## [Activity]
Once you find the line with "У Сумах ремонтують" in the data below, transcribe exactly each line from there to the line with "IKEA w Lublinie", inclusive, and nothing else. Drop the pictures.

## [Exercise data]
━━━━━━━━
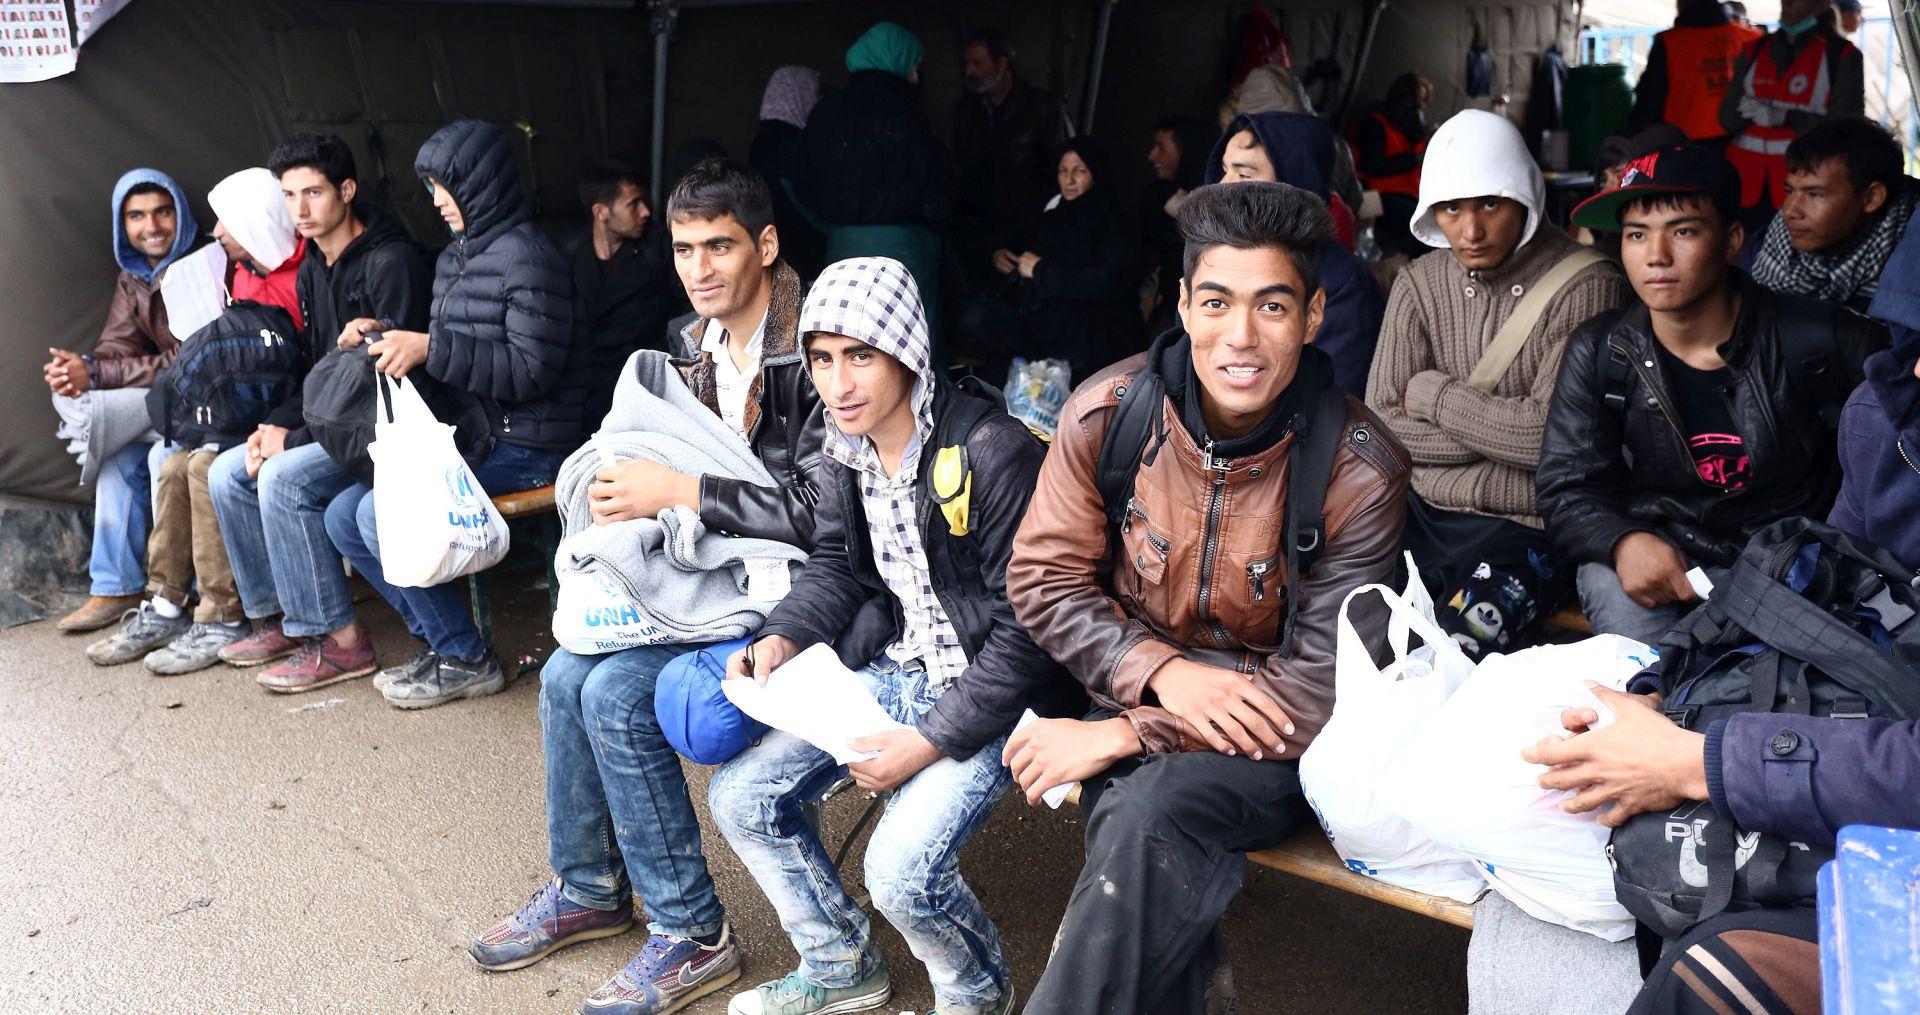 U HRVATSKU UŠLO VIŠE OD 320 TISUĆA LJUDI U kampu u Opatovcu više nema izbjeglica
━━━━━━━━
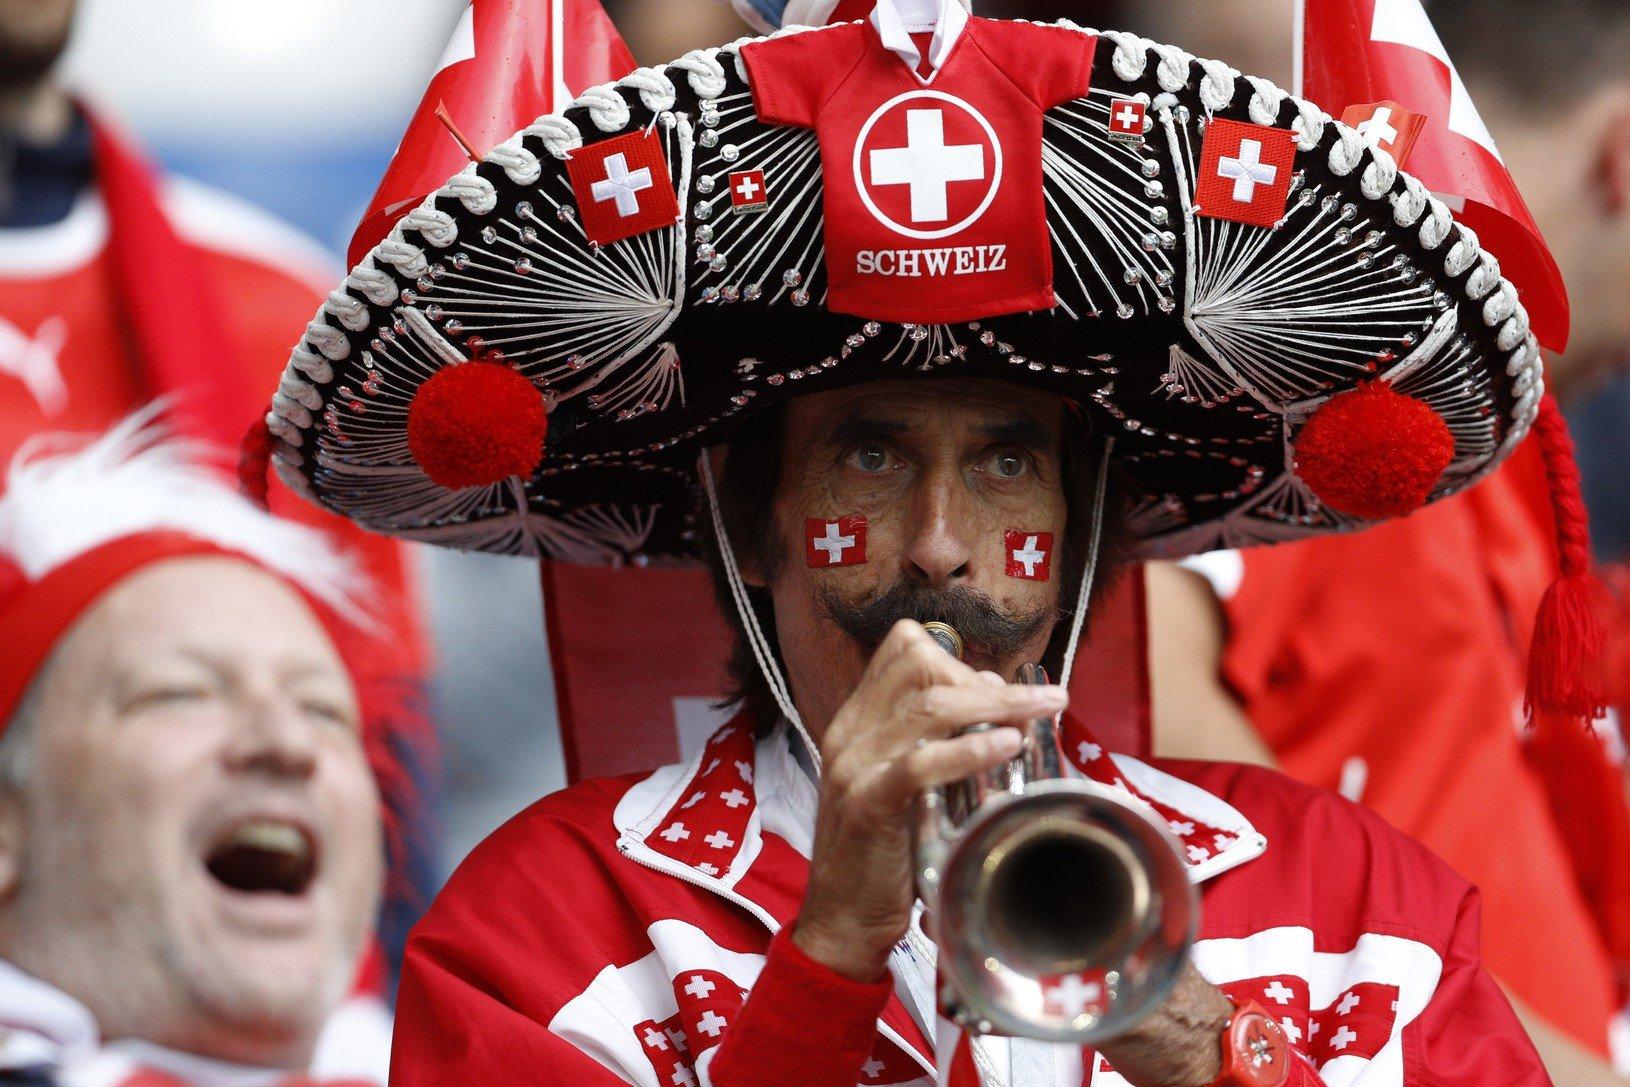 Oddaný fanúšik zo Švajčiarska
━━━━━━━━
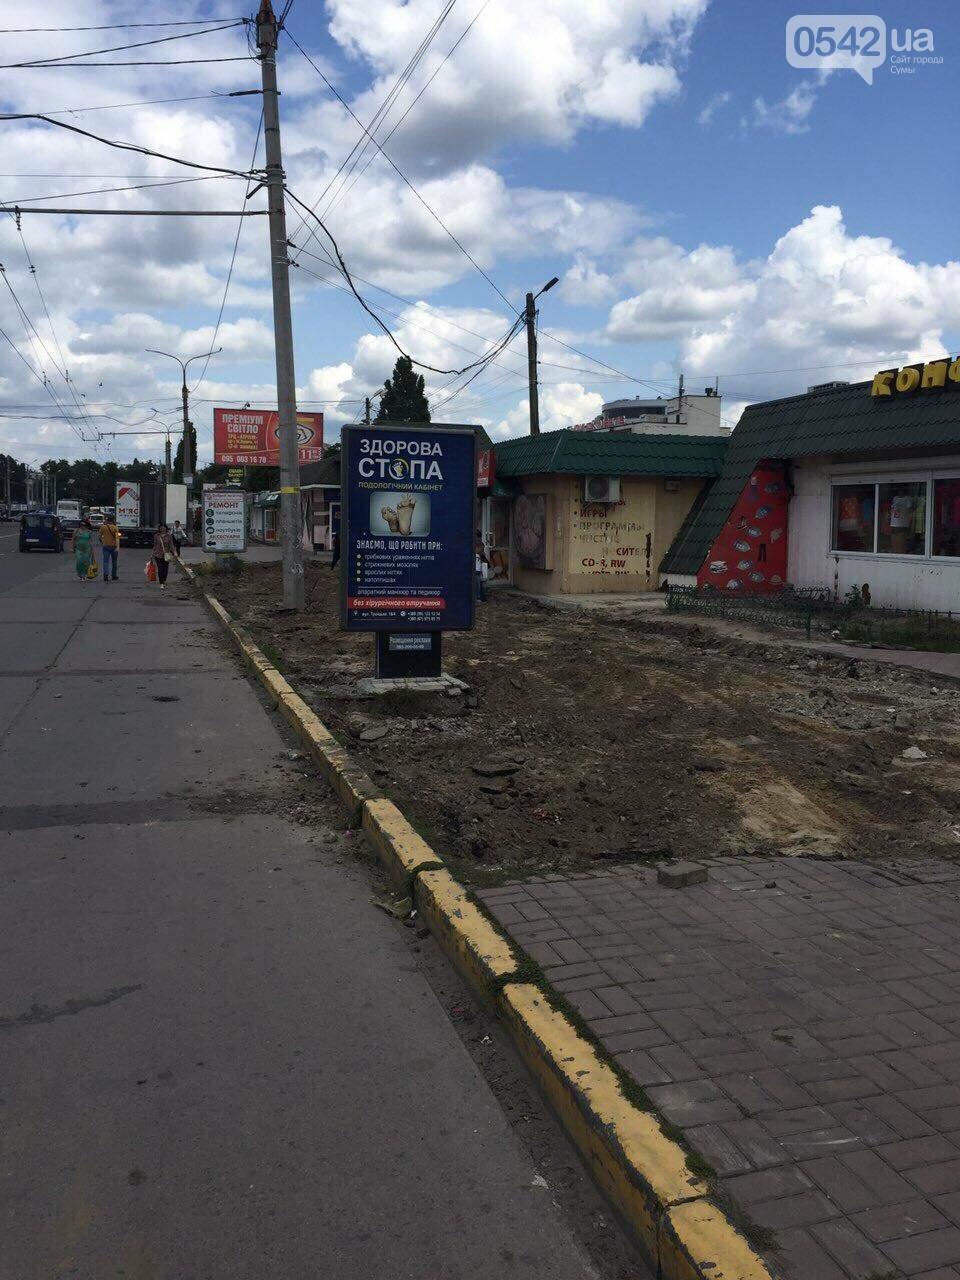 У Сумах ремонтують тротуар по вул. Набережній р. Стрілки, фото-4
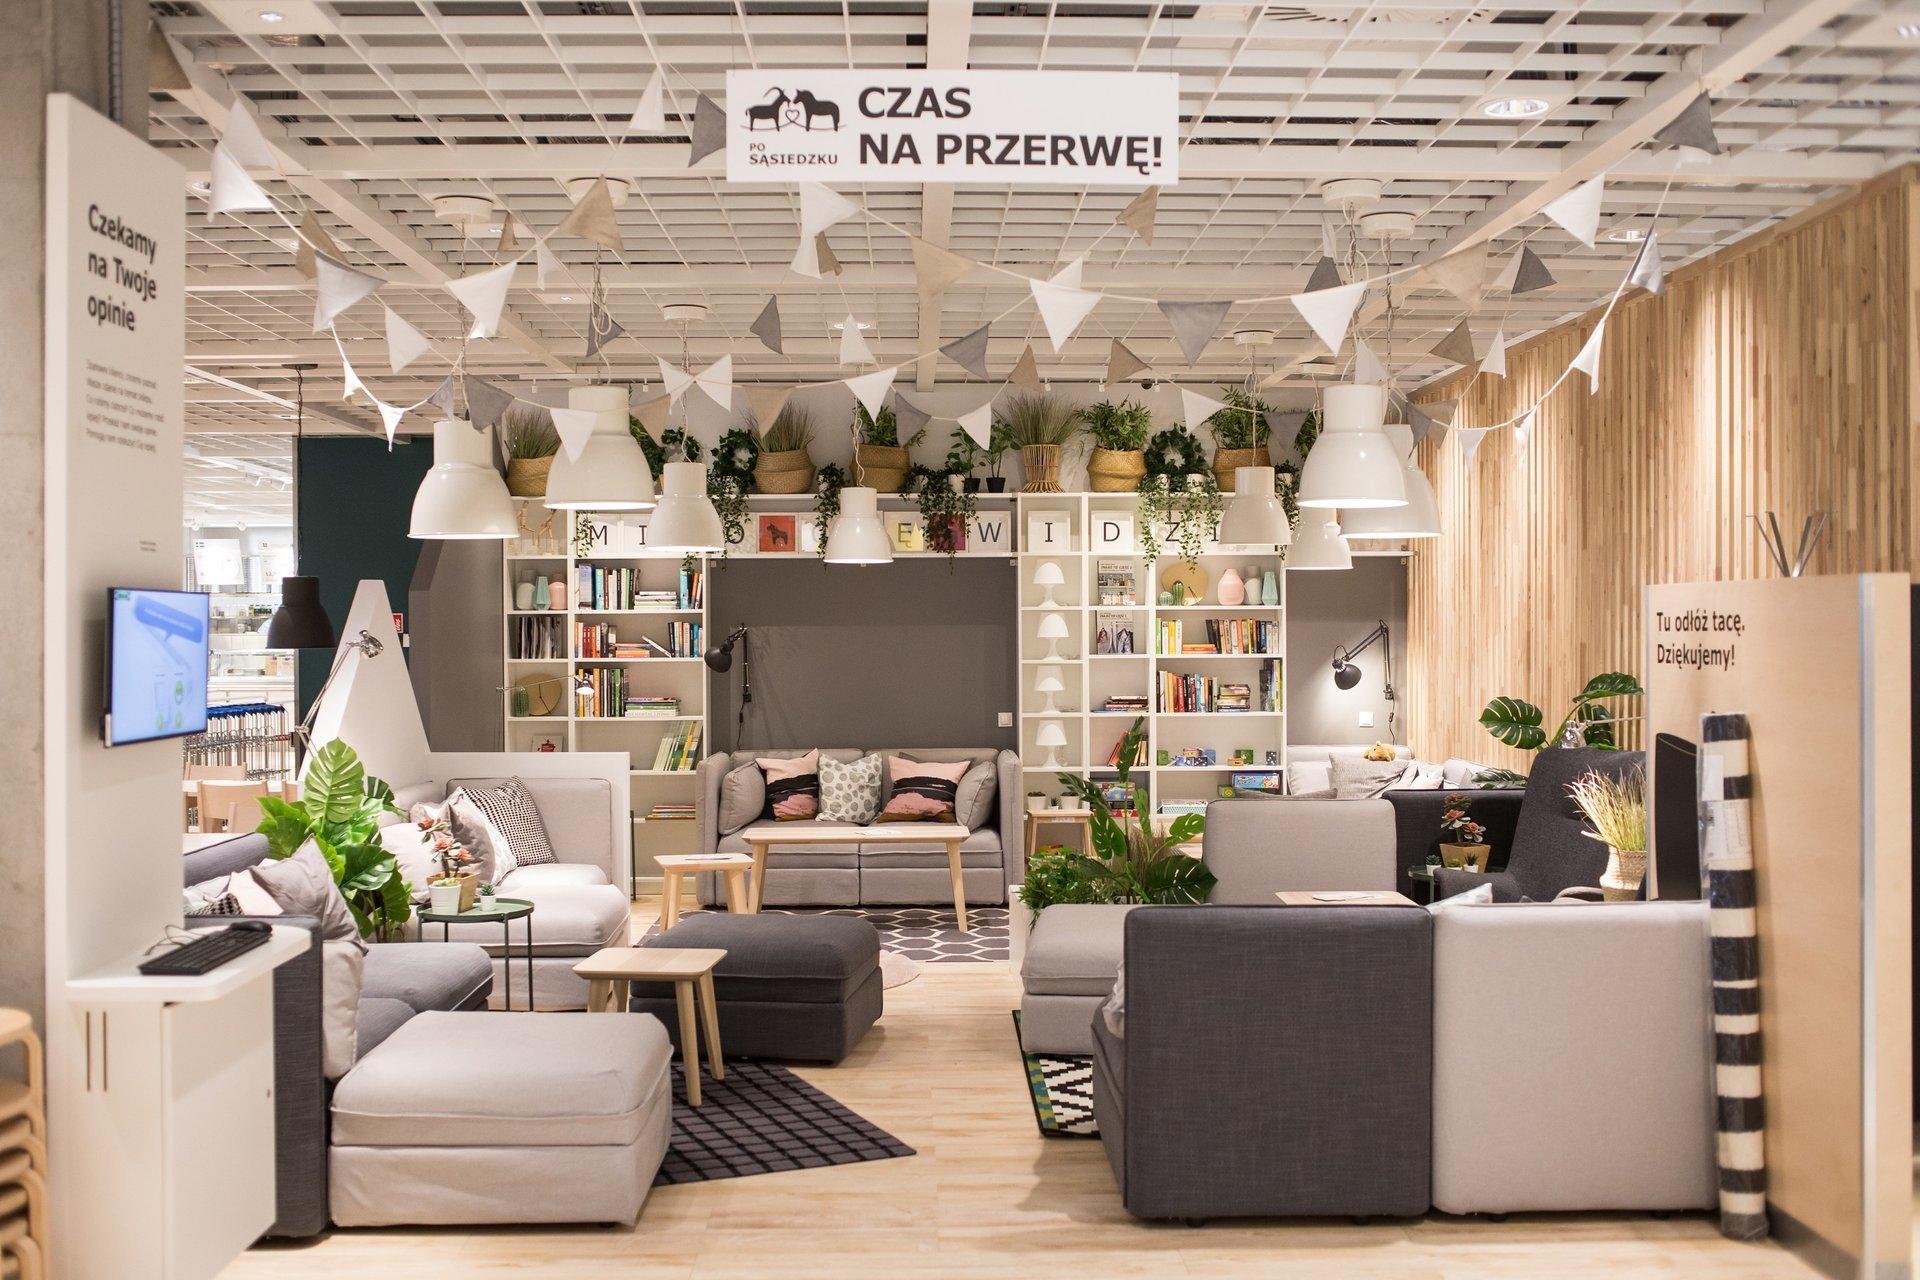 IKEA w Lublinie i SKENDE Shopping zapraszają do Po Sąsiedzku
━━━━━━━━
## [Solution below]
 У Сумах ремонтують тротуар по вул. Набережній р. Стрілки, фото-4
 IKEA w Lublinie i SKENDE Shopping zapraszają do Po Sąsiedzku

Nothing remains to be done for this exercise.